For most computer science students, platforms like LeetCode have become an essential part of learning to code. But have you ever wondered—how would you build a LeetCode clone yourself, and what goes on behind the scenes in the code? More importantly, What can we do to make it more rookie-friendly?
This project aims to build a learning-focused code evaluation platform that puts education first. Unlike traditional online judges that hide test cases and simply return “Wrong Answer,” our platform will open up all test cases—including edge cases and step-by-step test visibility to help users truly understand their mistakes.
Users can submit their code and get instant feedback. If the code fails, the platform will clearly show which test case failed, what the expected and actual outputs were,so that users can debug more effectively without struggling on vague error messages or hidden edge cases.
This project focuses on transparency and learning-oriented feedback, turning the process of solving coding problems into a meaningful learning experience—not just a race to pass hidden tests.
Name: Harold Hao
Student number: 49552405
The complete system is a learning-oriented online judge platform designed to help students understand, debug, and grow through algorithmic problem-solving.
Users can submit their code and receive detailed evaluation results. Unlike traditional online judge platforms that only show limited pass/fail messages, our platform makes all test cases visible, so that users can learn from their mistakes and build a deeper understanding of the problem without struggling on vague error messages or hidden edge cases.
The MVP will focus on delivering the minimum working flow:
Security refers to the ability of the system to maintain normal operation and protect sensitive data when faced with malicious input or misuse. As the platform allows user registration and code submission, key risks include unauthorized access, code injection, and denial-of-service through resource abuse.
User credentials will be stored using strong password hashing algorithms such as bcrypt or Argon2, ensuring that no plain-text passwords are retained. Access control will be enforced to restrict users from accessing others’ private data or submissions. All code will be executed within sandboxed environments to isolate untrusted code and prevent it from affecting the system or other users.
Scalability refers to the system’s ability to handle varying user loads without performance degradation. The platform will be deployed on AWS using EC2 instances behind an Application Load Balancer to evenly distribute incoming traffic. Compute-intensive tasks such as code execution will run in separate worker instances that can be scaled horizontally based on demand. This architecture allows different components to scale independently, ensuring consistent performance under high concurrency.
Deployability refers to how easily the software and its required infrastructure can be provisioned, updated, and released. The system will be deployed on AWS using EC2 instances, with infrastructure managed through code to enable reproducibility. A continuous deployment pipeline will be used to automate building, testing, and releasing new versions of the application. This ensures that updates can be delivered consistently and with minimal manual effort. The use of containerization further simplifies deployment by allowing the application to be packaged and launched in a predictable environment.
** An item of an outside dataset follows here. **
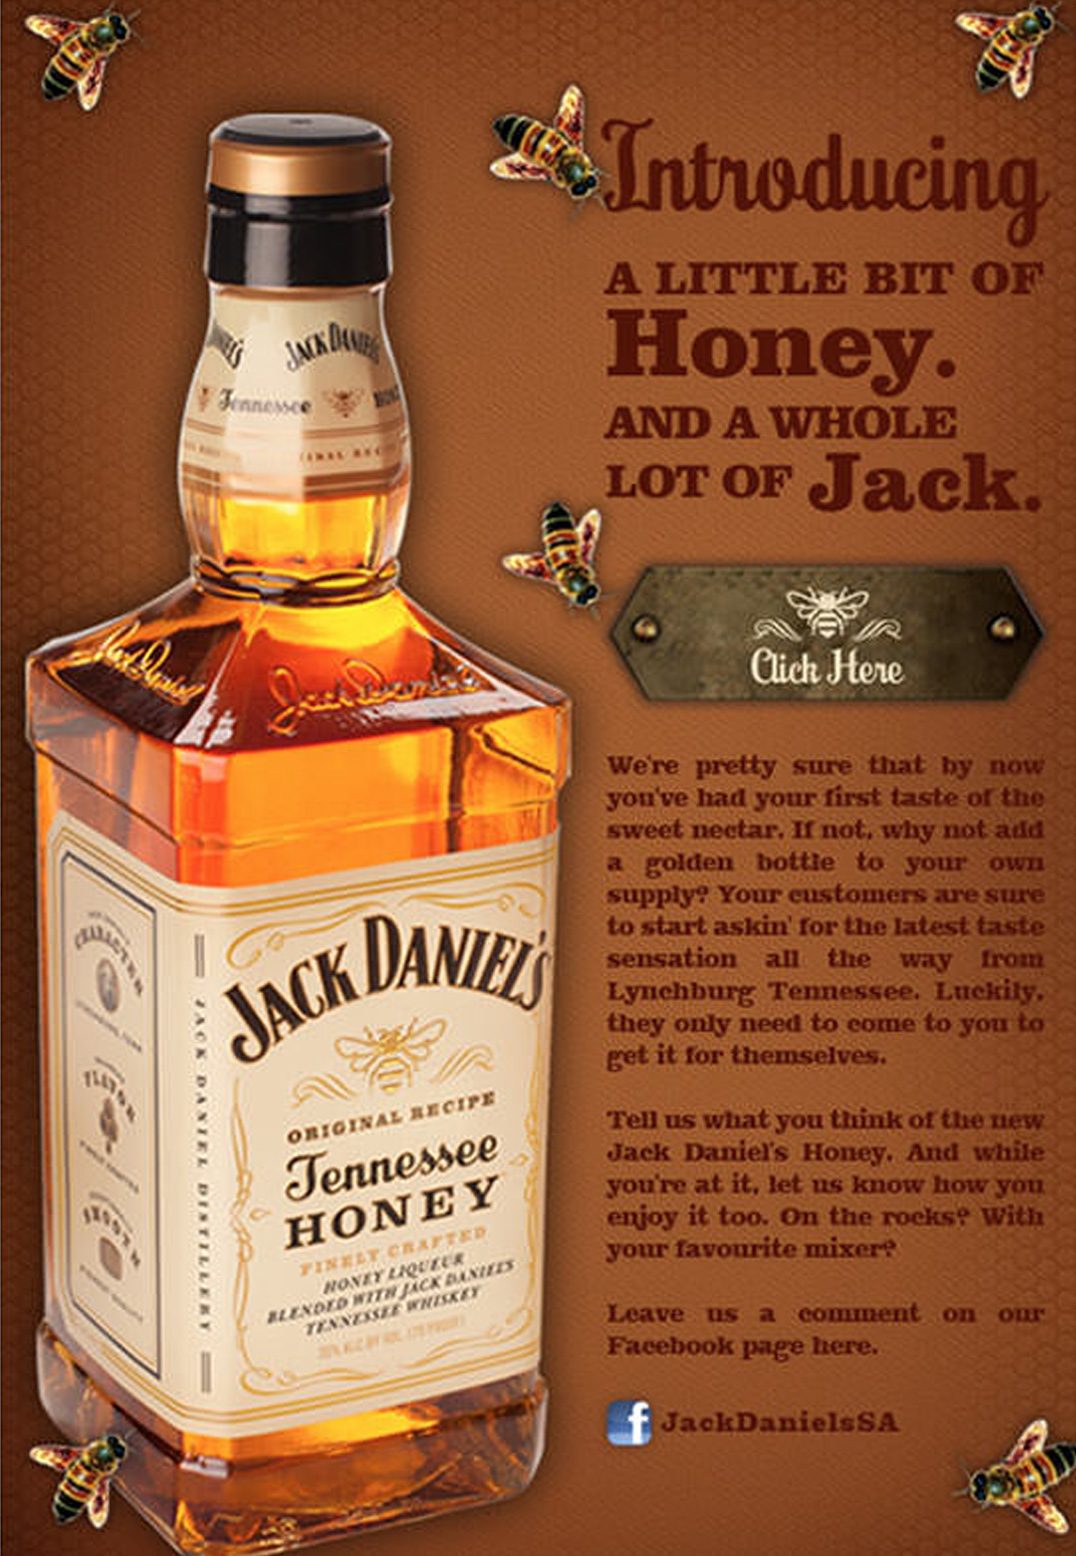 Jack Daniels ad example

The security of the system will be evaluated through targeted manual checks. First, we will create several test users and manually inspect the database to ensure that their passwords are properly encrypted using salted hashes, rather than stored in plain text.
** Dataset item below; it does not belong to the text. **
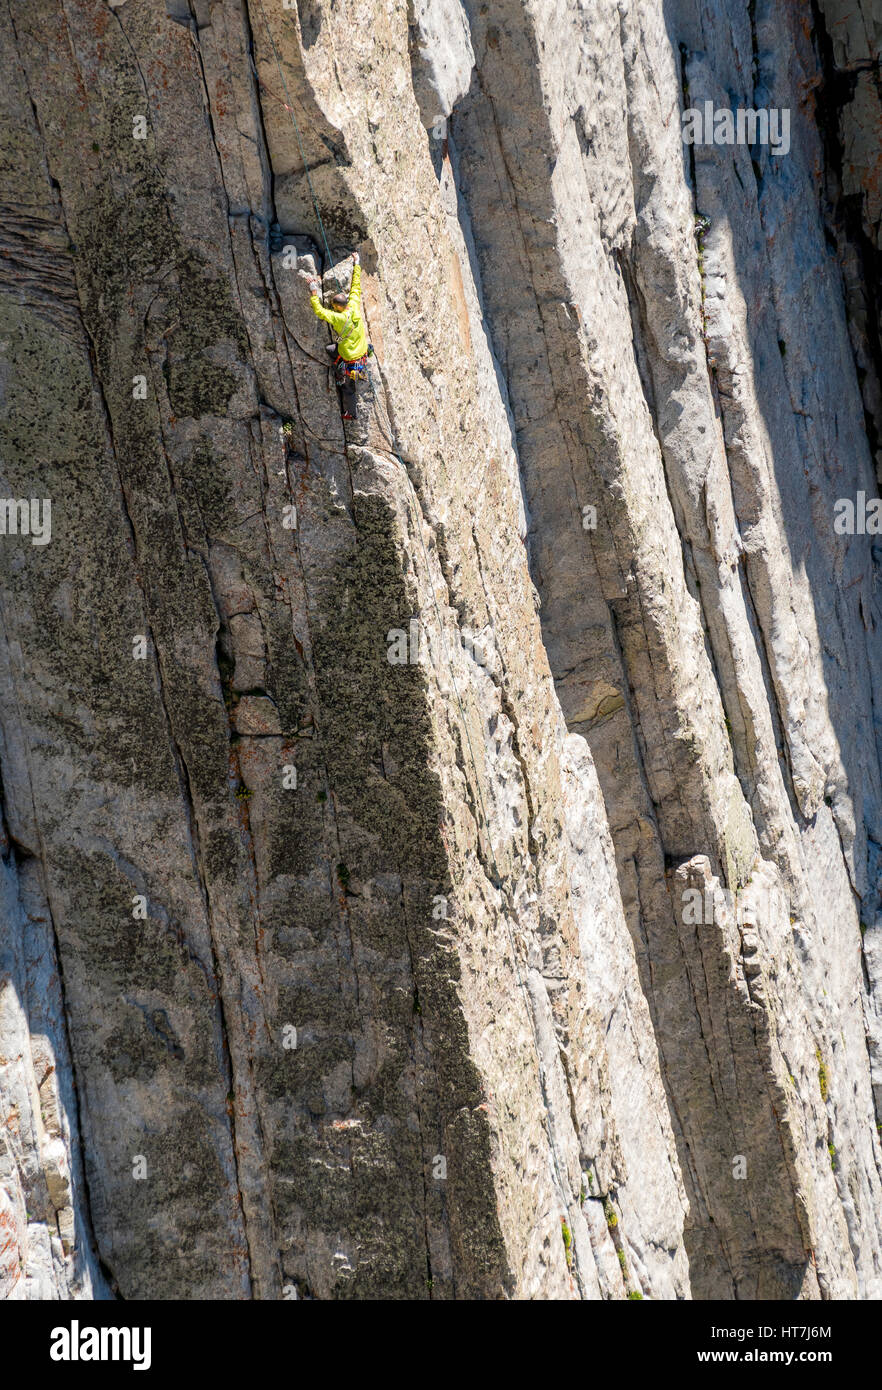 Ein Mann nach seinen Freunden auf einem Felsen klettern auf Utahs einsame Spitze arbeitet seinen Weg durch eine knifflige Bewegung Stockfoto

Second, we will manually review (with the help of LLMs) the Docker configuration to ensure that it is securely set up and that the containerized code cannot affect the host system. This includes checking for insecure volume mounts or the use of privileged containers.
Scalability will be evaluated using load testing tools such as Apache JMeter by simulating multiple concurrent users performing common actions such as visiting problem pages or submitting code. The tests will help assess how the system behaves under increased traffic, measuring key performance metrics such as response time, error rate, and throughput. This approach ensures that the platform can scale to meet user demand and remain responsive during peak usage periods.
Deployability will be evaluated by following a documented manual deployment process on a clean EC2 instance. The process should complete successfully with minimal manual steps, demonstrating that the system can be deployed reliably in a consistent environment.